Design of a Face Recognition Technique Based MTCNN and ArcFace

Viet, Dang Thai; Van Thien, Phan; Tu, Nguyen Huu; Minh, Hoang Gia; Bui, Ngoc-Tam

doi:10.1007/978-3-031-57460-3_8

Dang Thai Viet¹⁹,
Phan Van Thien¹⁹,
Nguyen Huu Tu¹⁹,
Hoang Gia Minh¹⁹ &
…
Ngoc-Tam Bui²⁰

Part of the book series: Lecture Notes in Mechanical Engineering ((LNME))

Included in the following conference series:

International Conference on Material, Machines and Methods for Sustainable Development

65 Accesses

Abstract

The current trend of automation and data sharing in manufacturing technologies and daily living is the 4th Industrial Revolution. Computer vision technology has permeated our daily lives as a result of advancements in artificial intelligence and processing capacity. We propose using the ArcFace model, which blends deep neural networks with multi-tasking convolutional neural networks (MTCNN). The coding procedure of the agglomeration neural network facilitates the dimension-appropriate encoding of images. Techniques aimed at enhancing face recognition’s most distinctive characteristics. For the face recognition model to operate at peak efficiency, the facial recognition feature must integrate with finger gestures to control smart home activities, communicate with data, and link effortlessly to smart devices via IoT technology. We construct a facial recognition model utilizing an embedded Jetson Nano computer, a fingerprint scanning module, and a Raspberry Pi camera. The IoT smart home utilizes an embedded Raspberry Pi 3B + computer. The results indicate an approximate precision of 96% and a processing speed of 16 FPS. The interface of an Internet of Things (IoT) smart house illustrates the successful execution of real-time functionalities.

Access provided by Autonomous University of Puebla. Download conference paper PDF

Keywords

1 Introduction

In the 4th Industrial Revolution, informatics and data science provided substantial support for automated production [1]. The use of this astonishing innovation resulted in a multitude of accomplishments, such as intelligent monitoring systems, sophisticated transportation infrastructure, automated financial systems and industrial assembly robot manipulators [2,3,4,5].

In keeping with this trend, we introduce the MTCNN model of face recognition for intelligent mechatronic systems. By comparing the pre-selected facial features from the image database with the person’s face, the system is able to contemplate the correction of the face. Recent research, Local Binary Pattern (LBP), transformed the input image to a binary image, then partitioned the face into blocks and calculated the histogram density per block to produce the histogram feature [6]. However, the extraction of features from the histogram may be influenced by external factors such as input image quality, illumination, etc.
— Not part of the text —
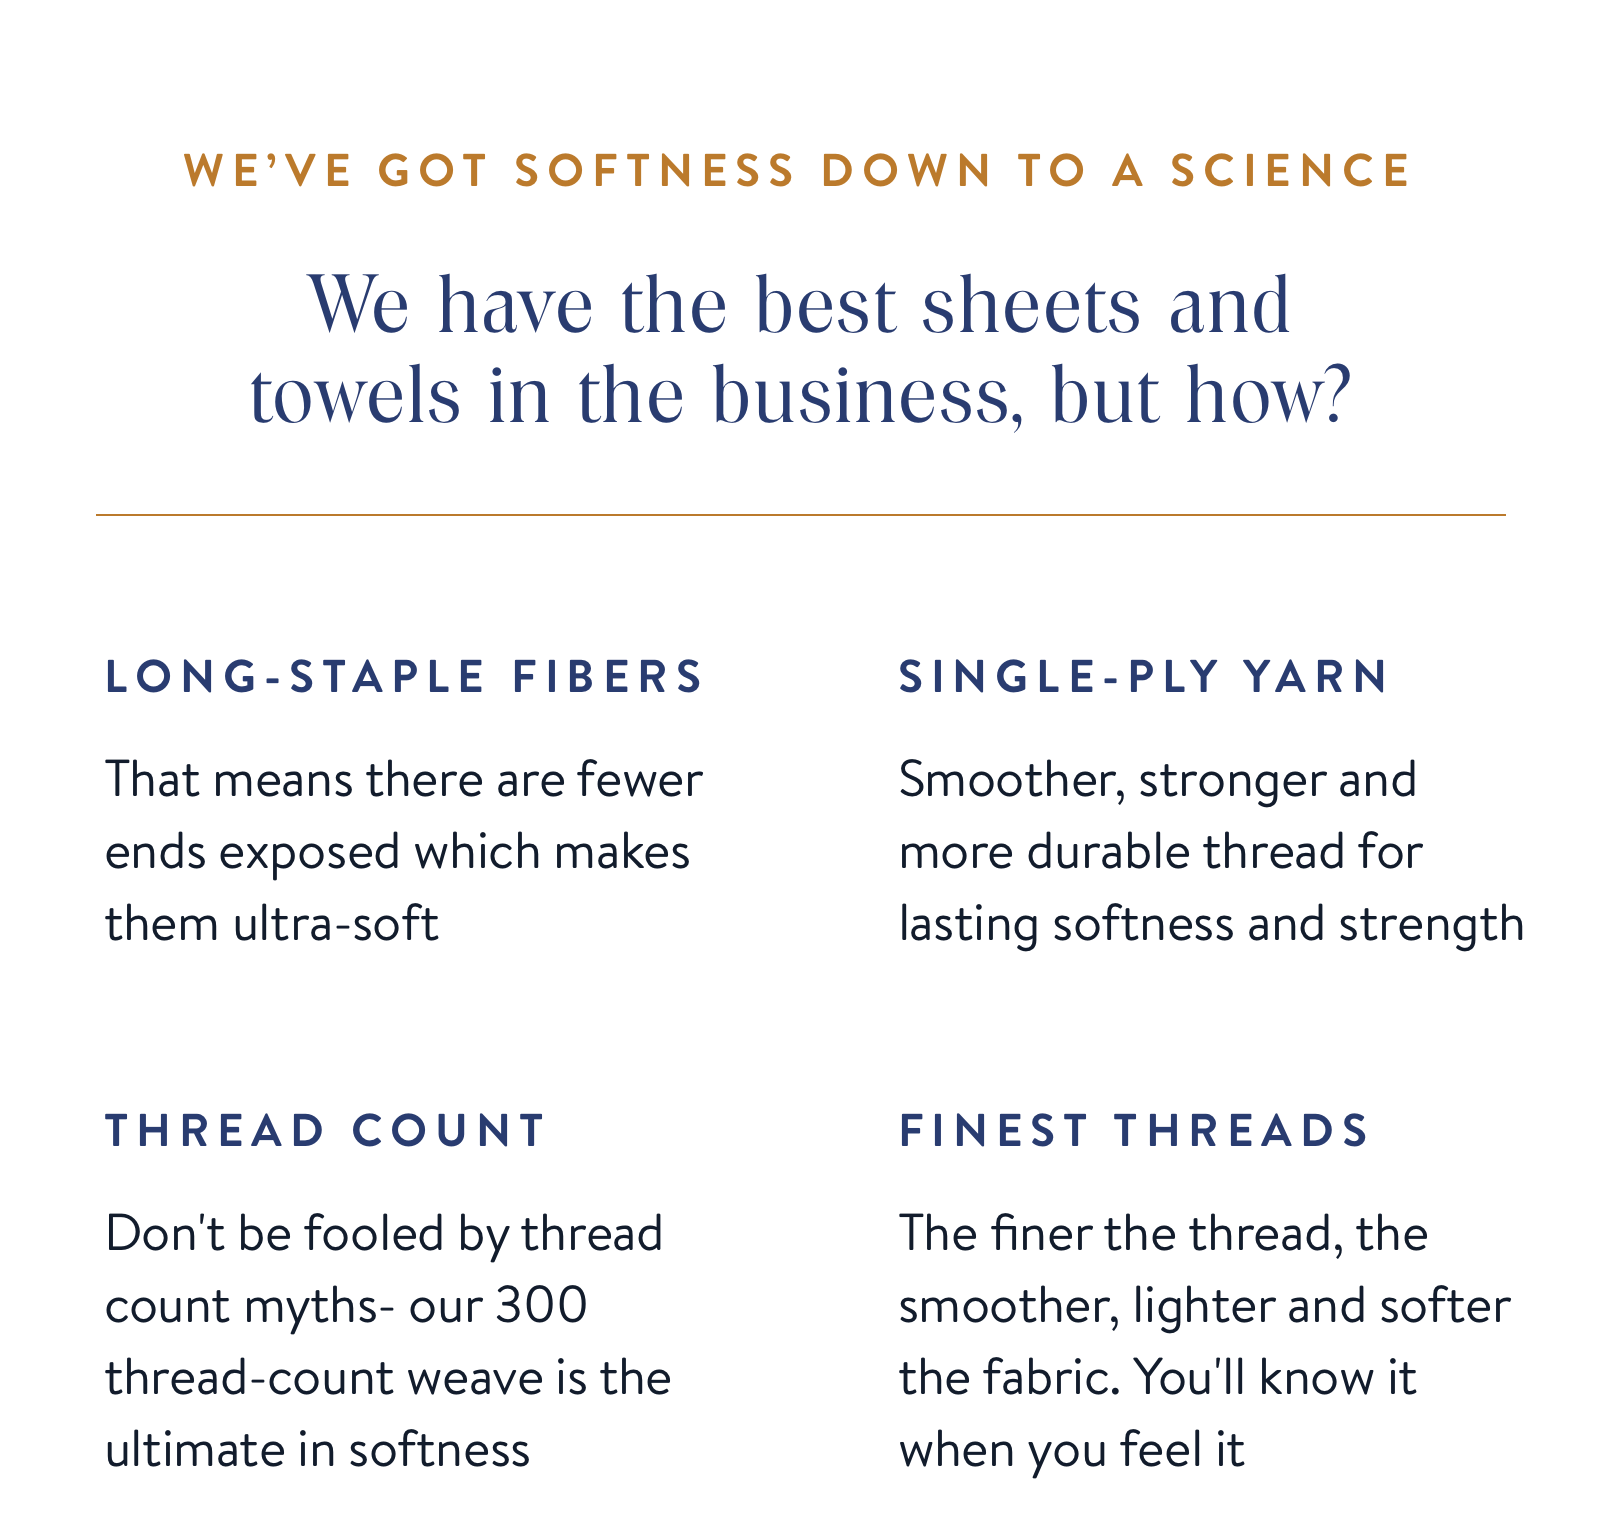 We have the best sheets and towels in the business, but how?
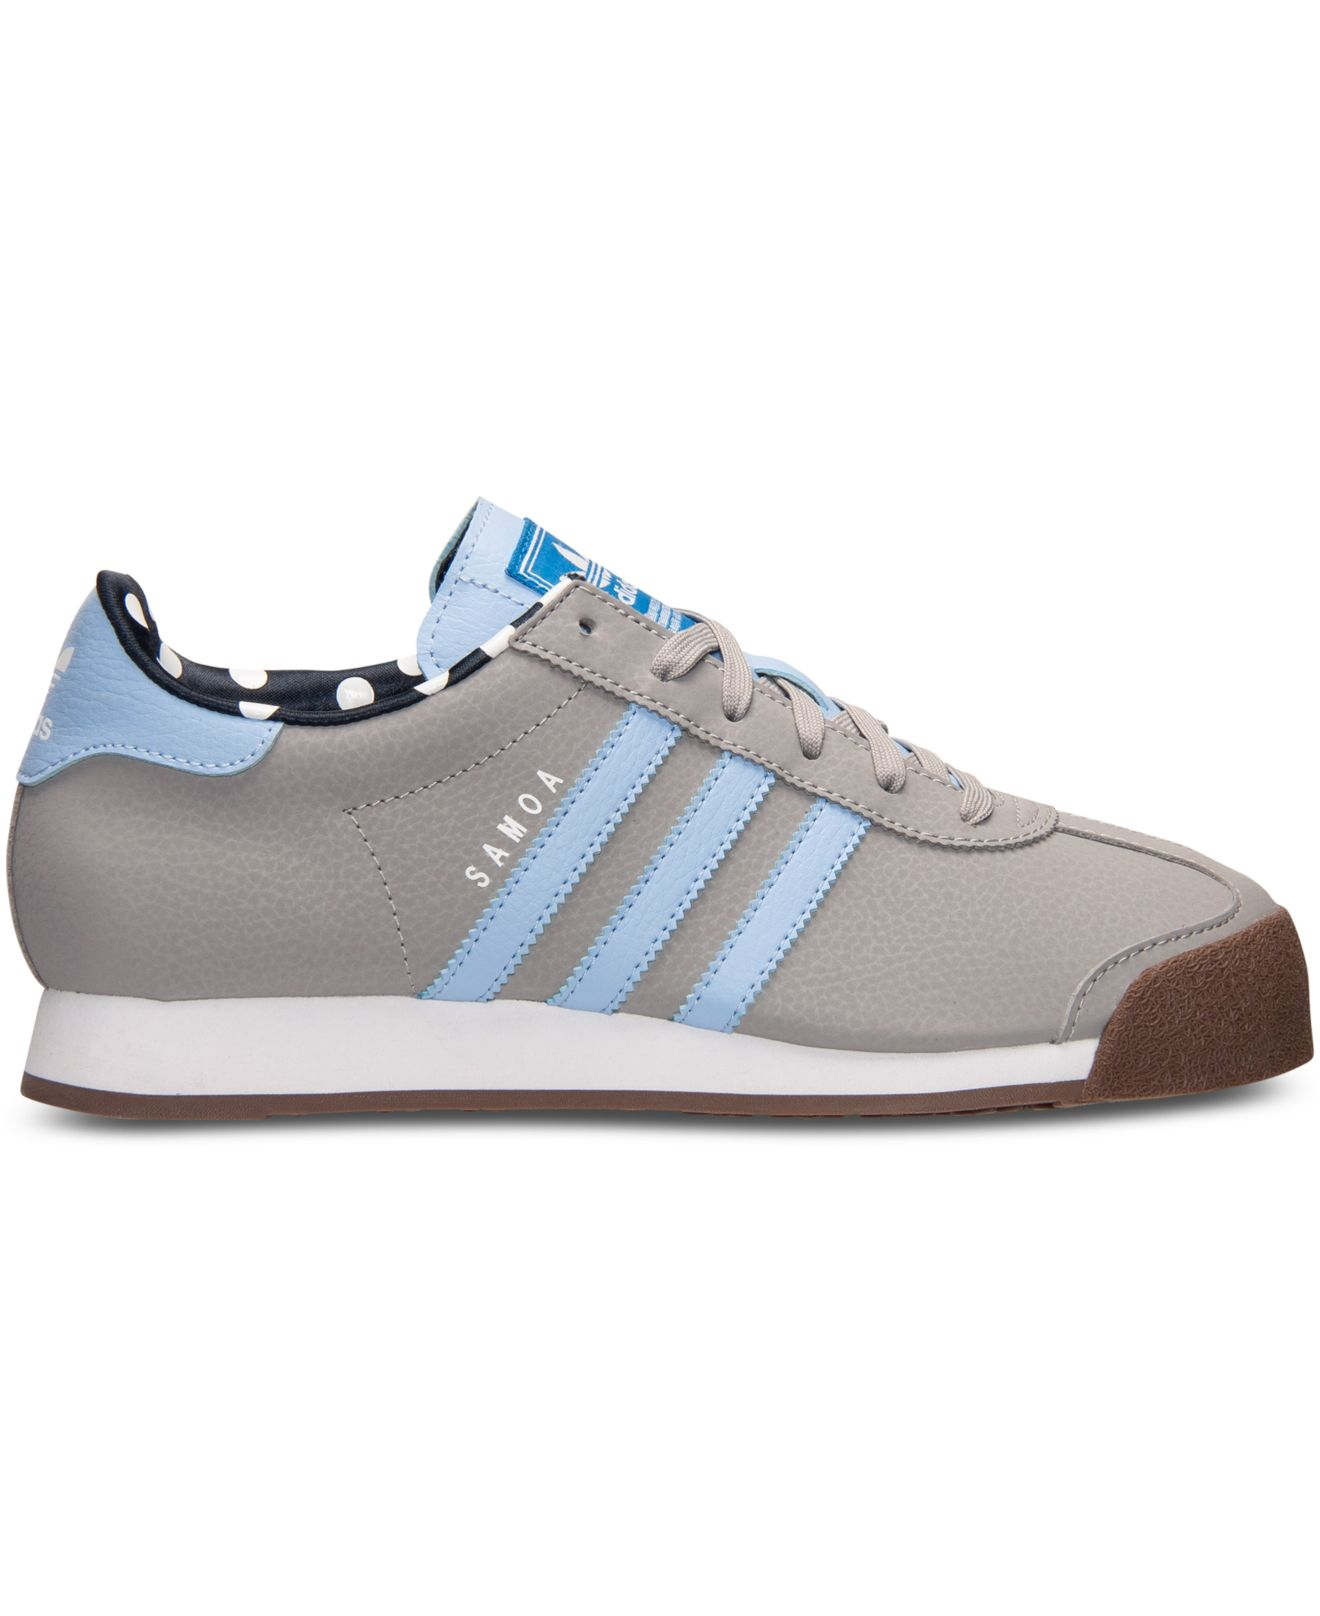 Lyst - Adidas Women's Samoa Casual Sneakers From Finish Line in Gray

In addition, the Dlib method correlated with HOG and SVM [7] was employed. However, there was a possibility that the accuracy would suffer if the face angle was altered. In addition, a well-known research using the FaceNet face recognition system [8] calculated the distance between face vectors using the triplet loss function. However, this technique has the problem that the quantity of math operations the computer must execute grows exponentially as the volume of input data and the overlapping features between the faces rise. To reduce this effect, the researchers employ the ArcFace model, which calculates the distance between face vectors and creates a deviation angle and an addictive angular margin m to separate the characteristics of face vectors. ArcFace has developed and enhanced FaceNet, resulting in a decomposition that prevents misidentification when the original data image resembles a photo taken from a direct angle. The experimental results were reached at a frame rate of 14–16 FPS and an accuracy of approximately 96%. The findings of facial recognition for security are linked with finger gestures for home automation control. All monitoring data in real time is shown via the IoT smart home interface.

2 Methodology

The paper proposes to implement a face recognition process summarized as shown in Fig. 1.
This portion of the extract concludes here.